Chapter 10 Actvity-based analysis
The driver activity estimation is one of the most important features of scMINER. Mathematically, the activity of one driver is a type of mean of the expressions of its targets. And biologically, the activity can be interpreted as a measure that describes how actively the driver functions, like the enzymes in digesting their subtracts, kinase in activating their downstream genes. Given the gene expression profiles and networks, scMINER can estimate the activities of some predefined drivers, including not only transcription factors (TFs) but also signaling genes (SIGs). scMINER provides a few functions to effortlessly calculate the activities, identify the hidden drivers and visualize them in multiple ways.

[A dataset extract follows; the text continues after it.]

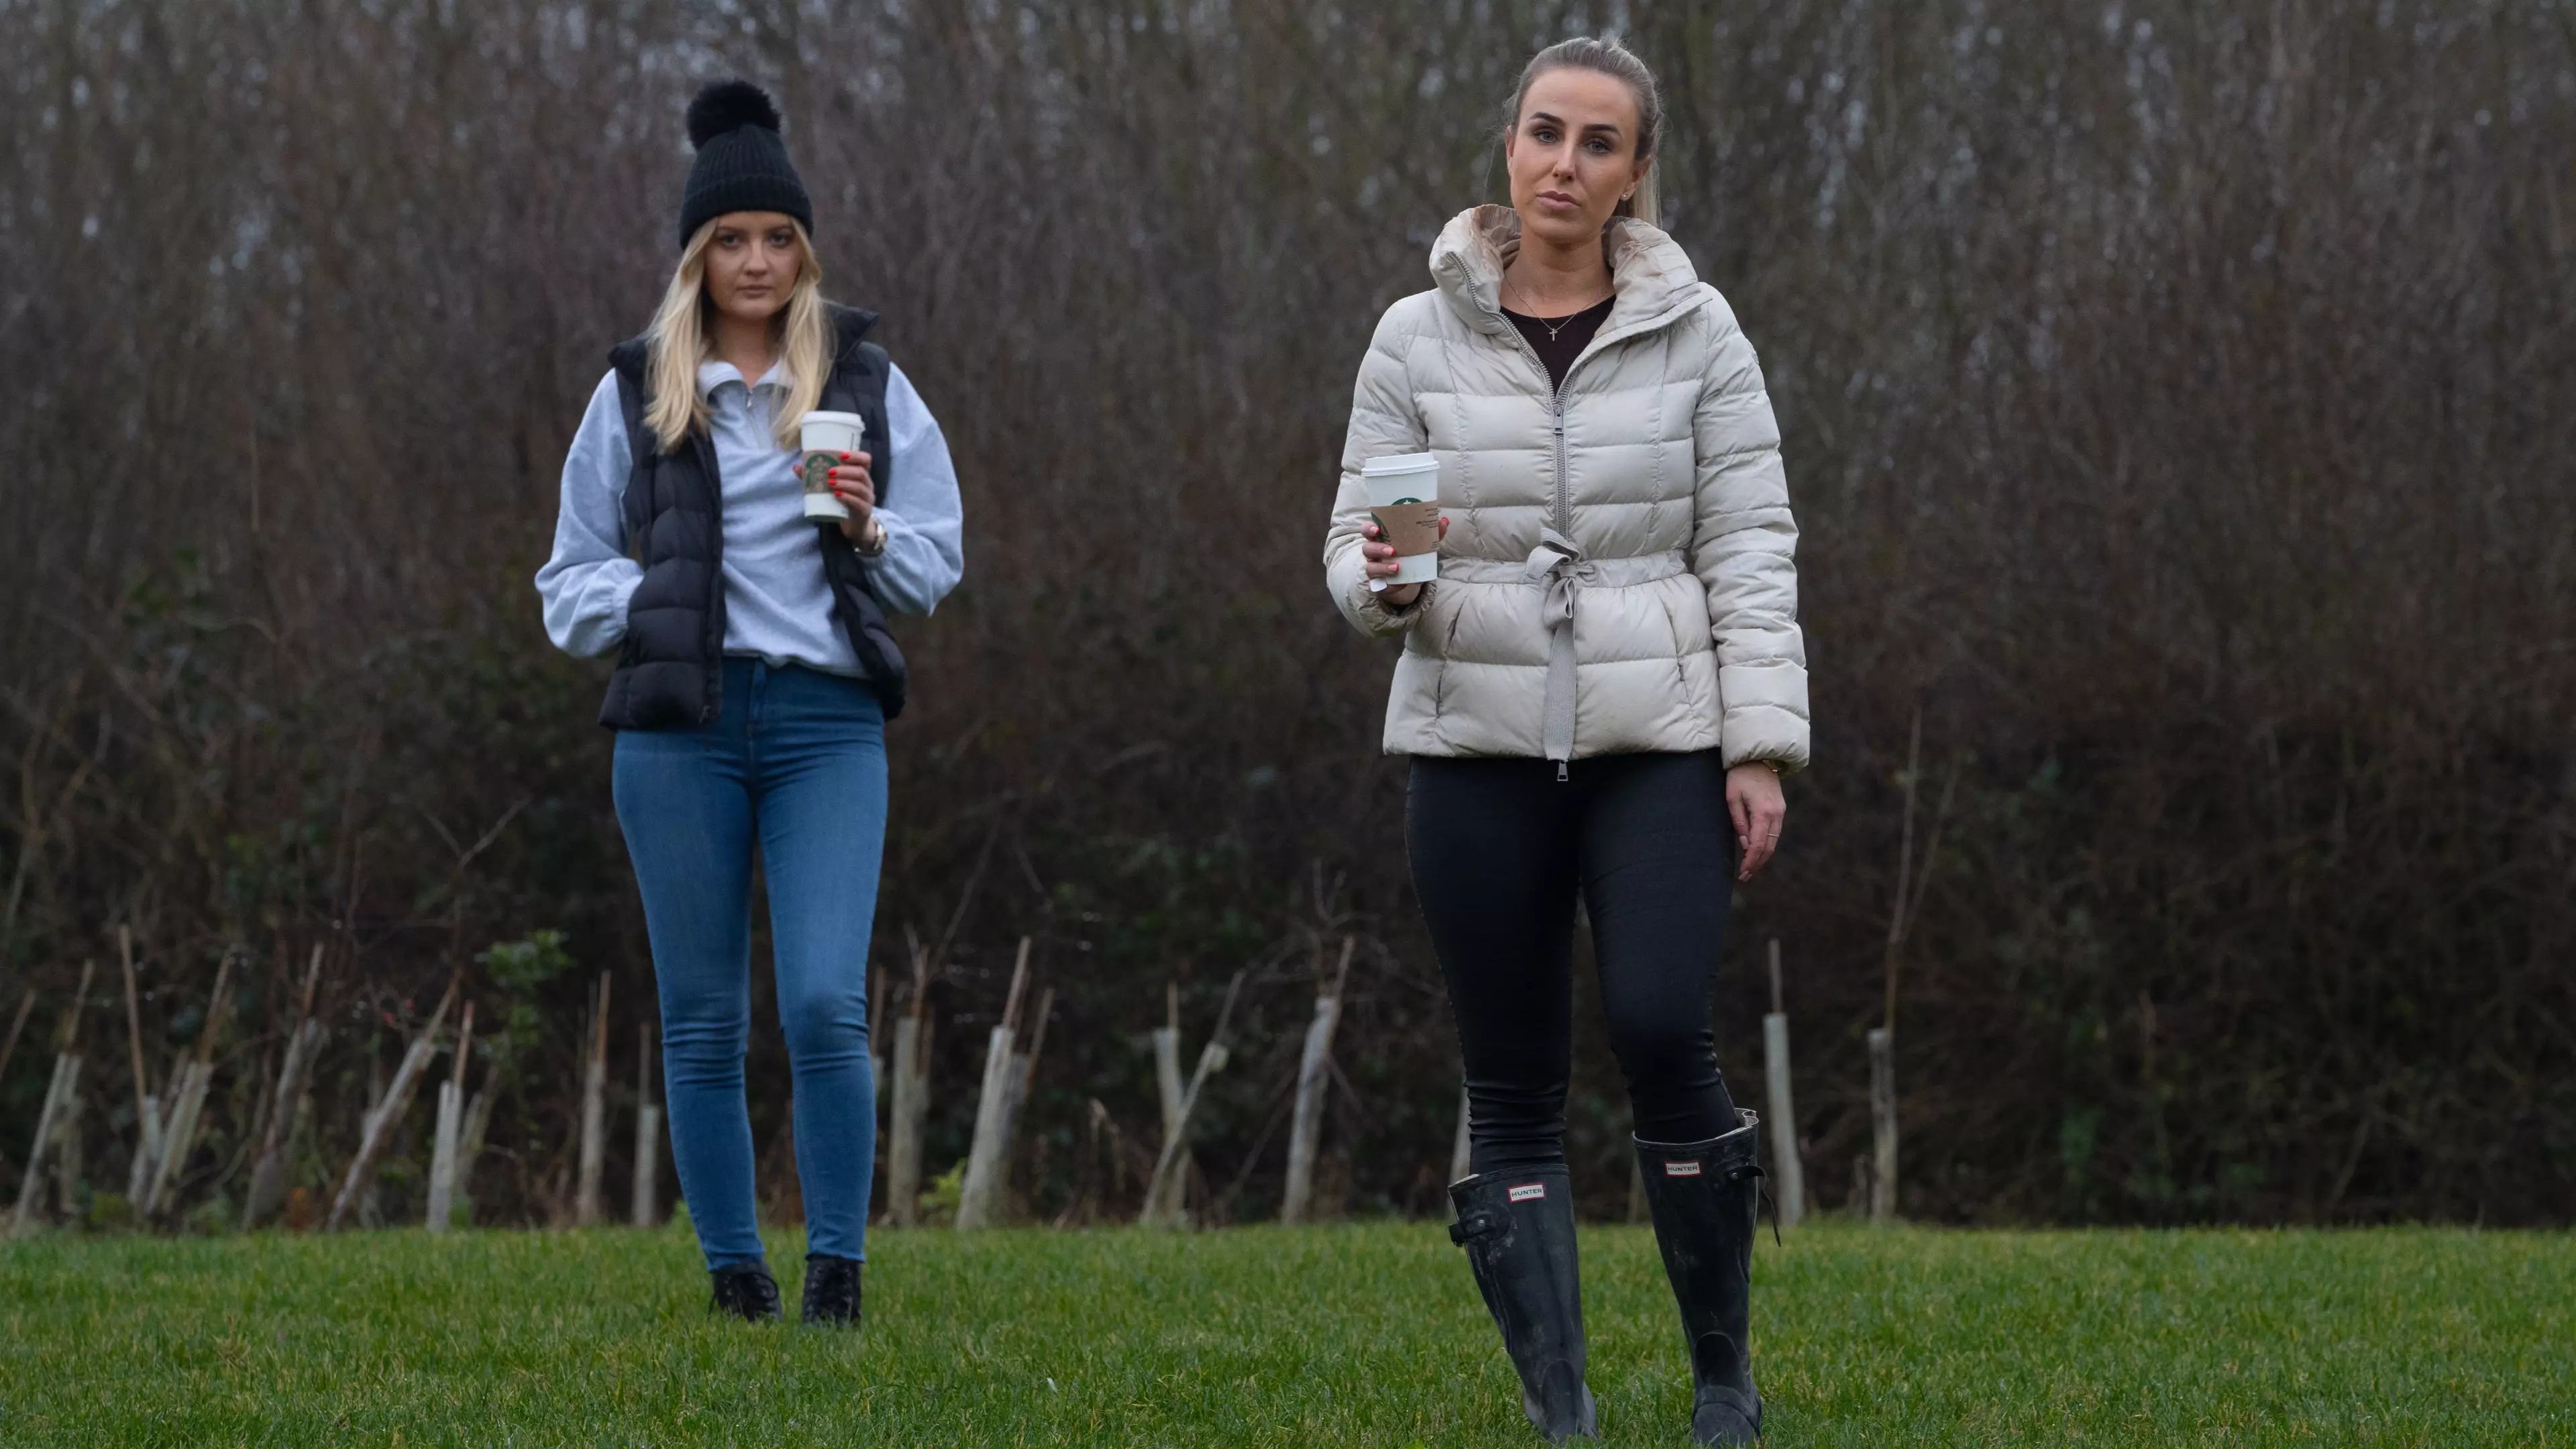 Police Withdraw £200 Fines For Women Who Drove Five Miles For A Walk

10.1 Calculate the activities
scMINER provides two functions, getActivity_individual()
and getActivity_inBatch()
, to calculate the driver activities.
10.1.1 Calculate activities per group
getActivity_individual()
is designed to calculate the activities per group. It takes the network files as the input:
## let's use B cell as an example
activity_B.eset <- getActivity_individual(input_eset = pbmc14k_log2cpm.eset[, pData(pbmc14k_log2cpm.eset)$trueLabel == "B"],
network_file.tf = system.file("extdata/demo_pbmc14k/SJARACNe/B/TF/bt100_pc001/consensus_network_ncol_.txt", package = "scMINER"),
network_file.sig = system.file("extdata/demo_pbmc14k/SJARACNe/B/SIG/bt100_pc001/consensus_network_ncol_.txt", package = "scMINER"),
driver_type = "TF_SIG")
10.1.2 Calculate activities in batch
If you need to calculate the activity for multiple groups, this is usually the case, you can do it using getActivity_individual()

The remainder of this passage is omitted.